С тех пор, — вот уже шесть месяцев, как я работаю в Пеште, — мне не приходилось иметь дел с демократией — ни с сербской, ни с венгерской, ни с теми, кто о ней говорит. Героев венгерской демократии я избегаю, как холеры. На то у меня свои причины.

Павел Тимар в сапожном мастерстве успевал быстрее, чем в партийной работе. Никогда не мог бы он подумать, что с ним произойдет нечто подобное. Гвозди в ботинки он мог уже вбивать с закрытыми глазами, и его одежда была пропитана запахом кожи так же, как когда-то запахом окиси железа. Но с партийной работой все еще не клеилось. Когда гусара, привыкшего при наступлениях и отступлениях к стокилометровым походам, снимут с лошади и он попадает в окопы, где недели тянутся без крупных событий и выиграть или проиграть можно лишь сотню-другую метров — гусар этот из кожи лезет вон. «Никогда не думал, что война может быть такой скучной», — жалуется, вылавливая с себя вшей, этот самый гусар после шестинедельного сидения в окопах.

Именно для этой-то скучной войны и нужны крепкие нервы!

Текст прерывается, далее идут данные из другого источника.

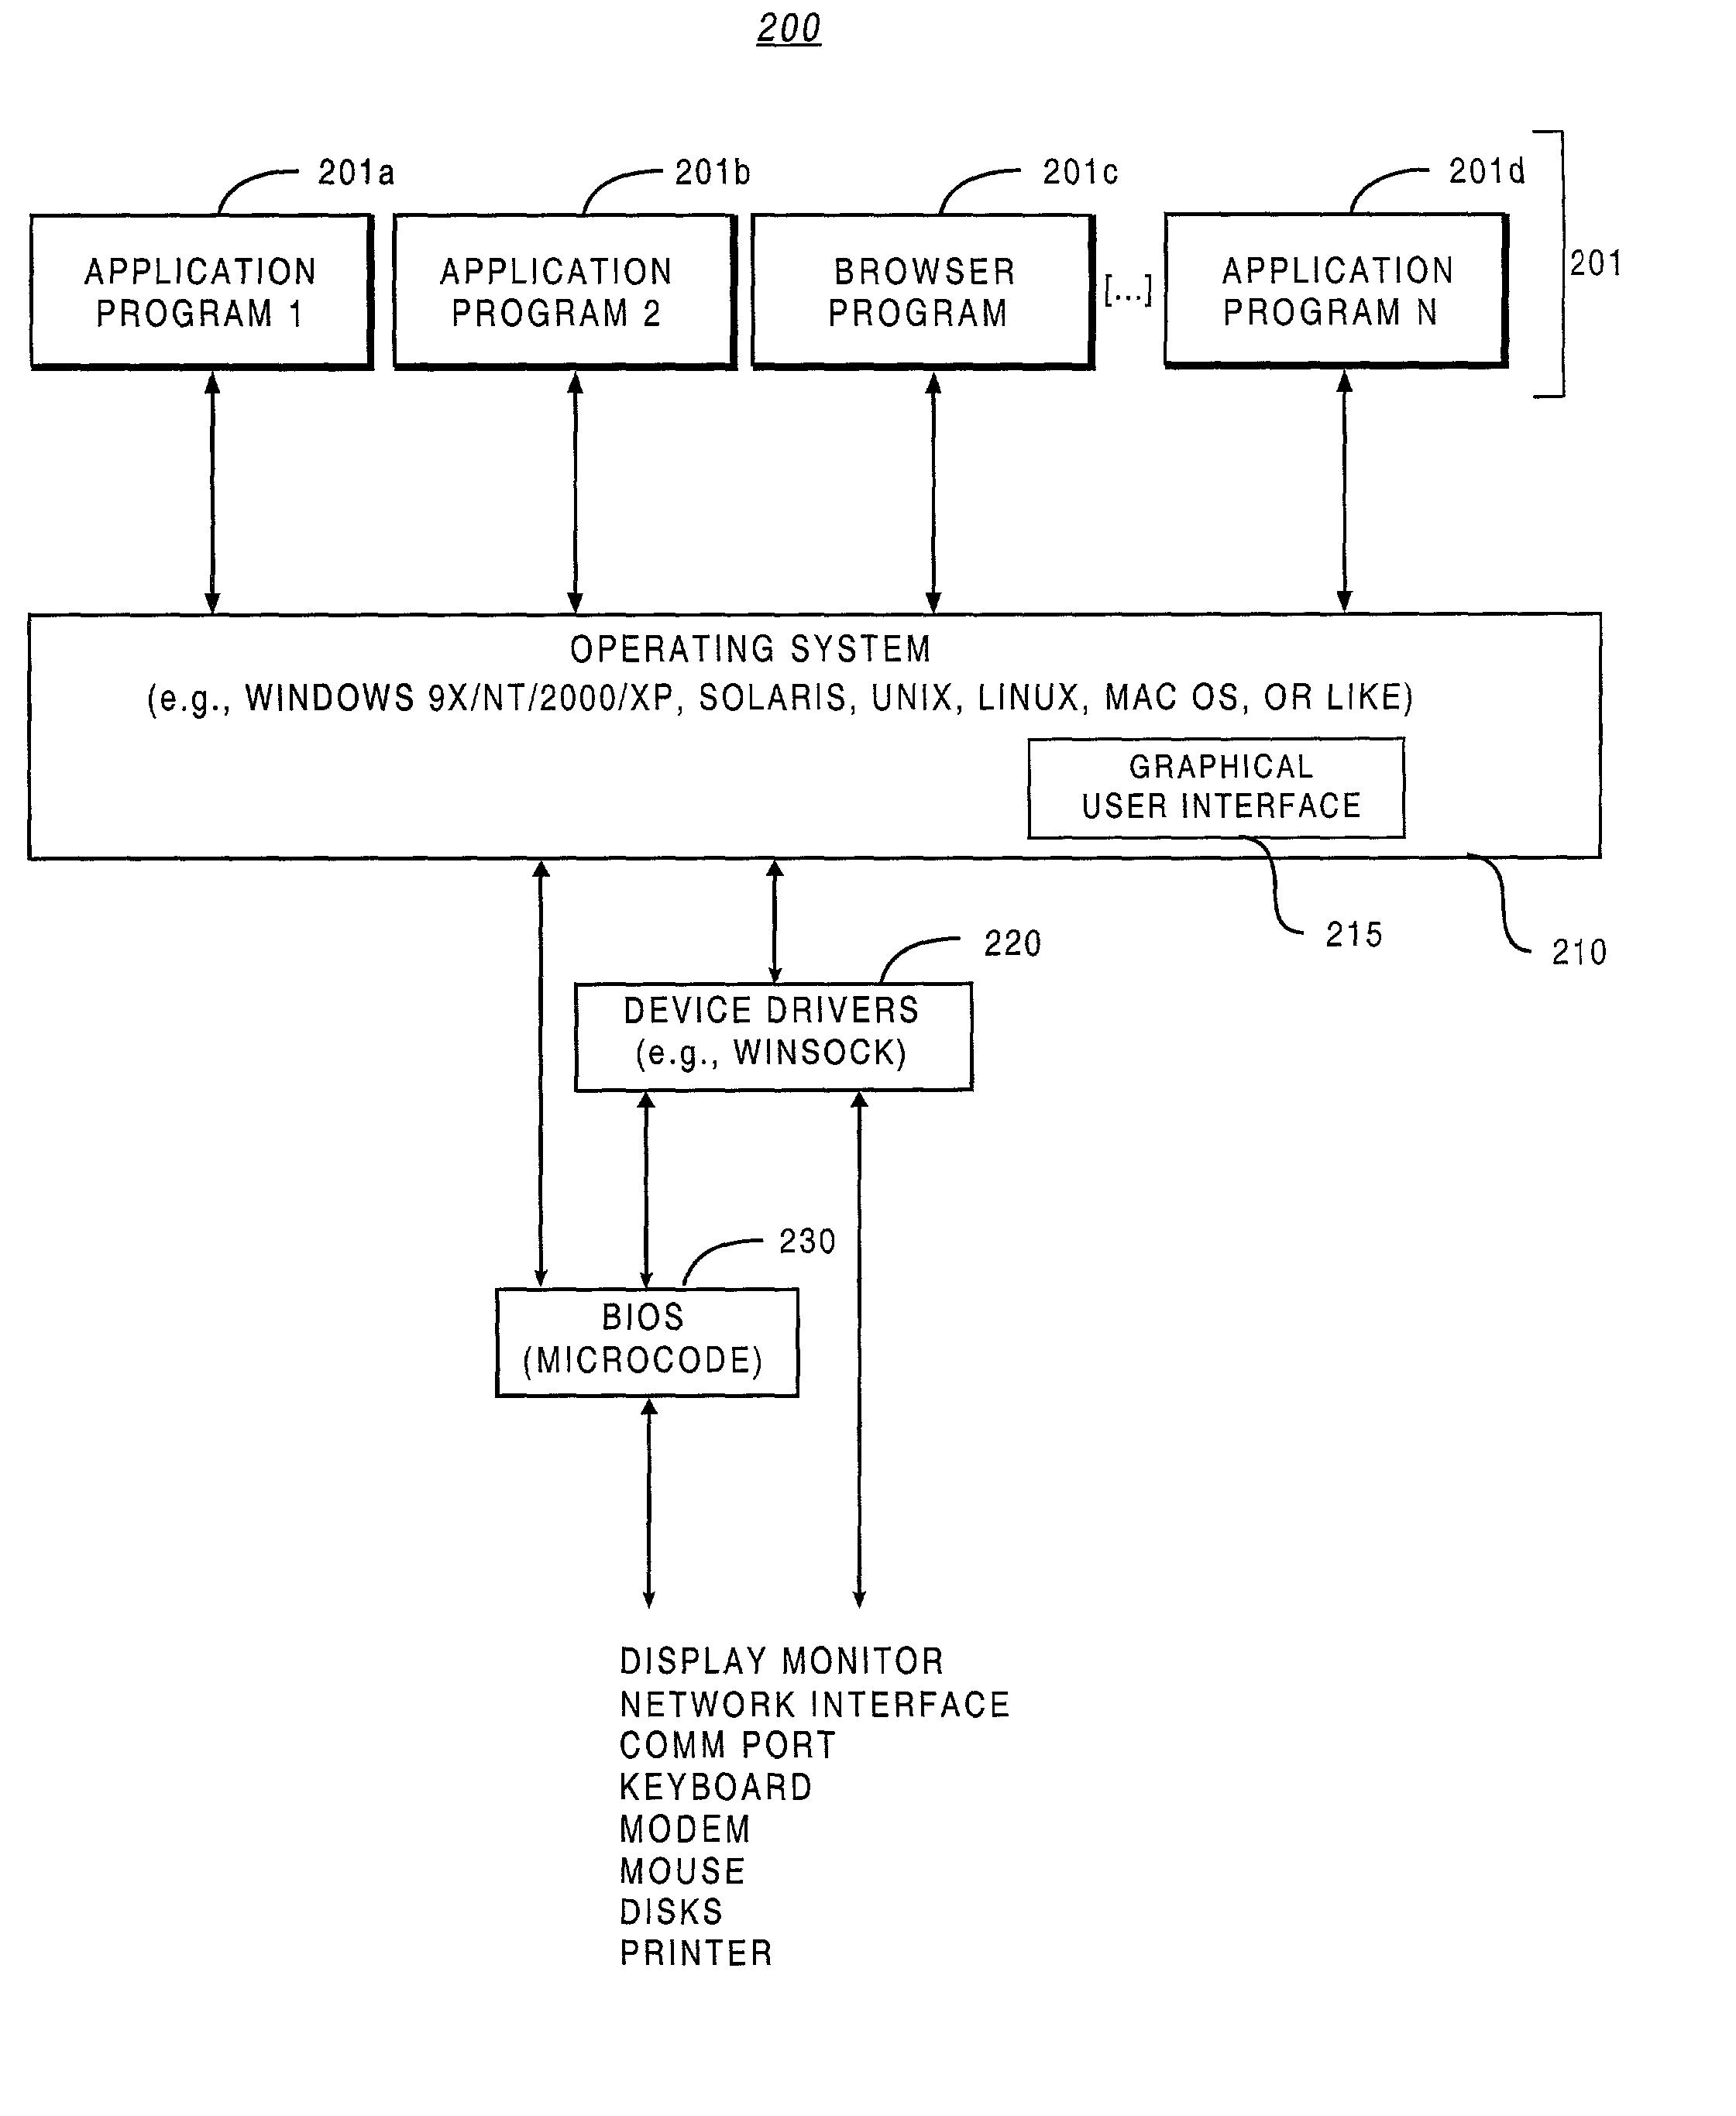 Relational database system providing XML query support

Однажды вечером после работы Лаци и Тимар направились, по приглашению Шульца, в один из ближайших трактиров. Где бы ни бывали они вместе с Шульцем, Тимар всегда опасался, как бы старик не привлек к себе внимания: его высокий порыжевший котелок никак не вязался с синей рубашкой без галстука. Старик ни за что не хотел расстаться со своим головным убором.

— Вместе со мной старится, — посмотрим, кто дольше выдержит.

Половой, облаченный в старый, неизвестно откуда взятый фрак и цветную спортивную рубашку, поставил на стол четыре бокала пива. Четвертый бокал был предназначен кривому Бооди.

— Брынзу с гарниром! — заказал старый Шульц, пощипывая привычным жестом седоватую, коротко подстриженную бородку.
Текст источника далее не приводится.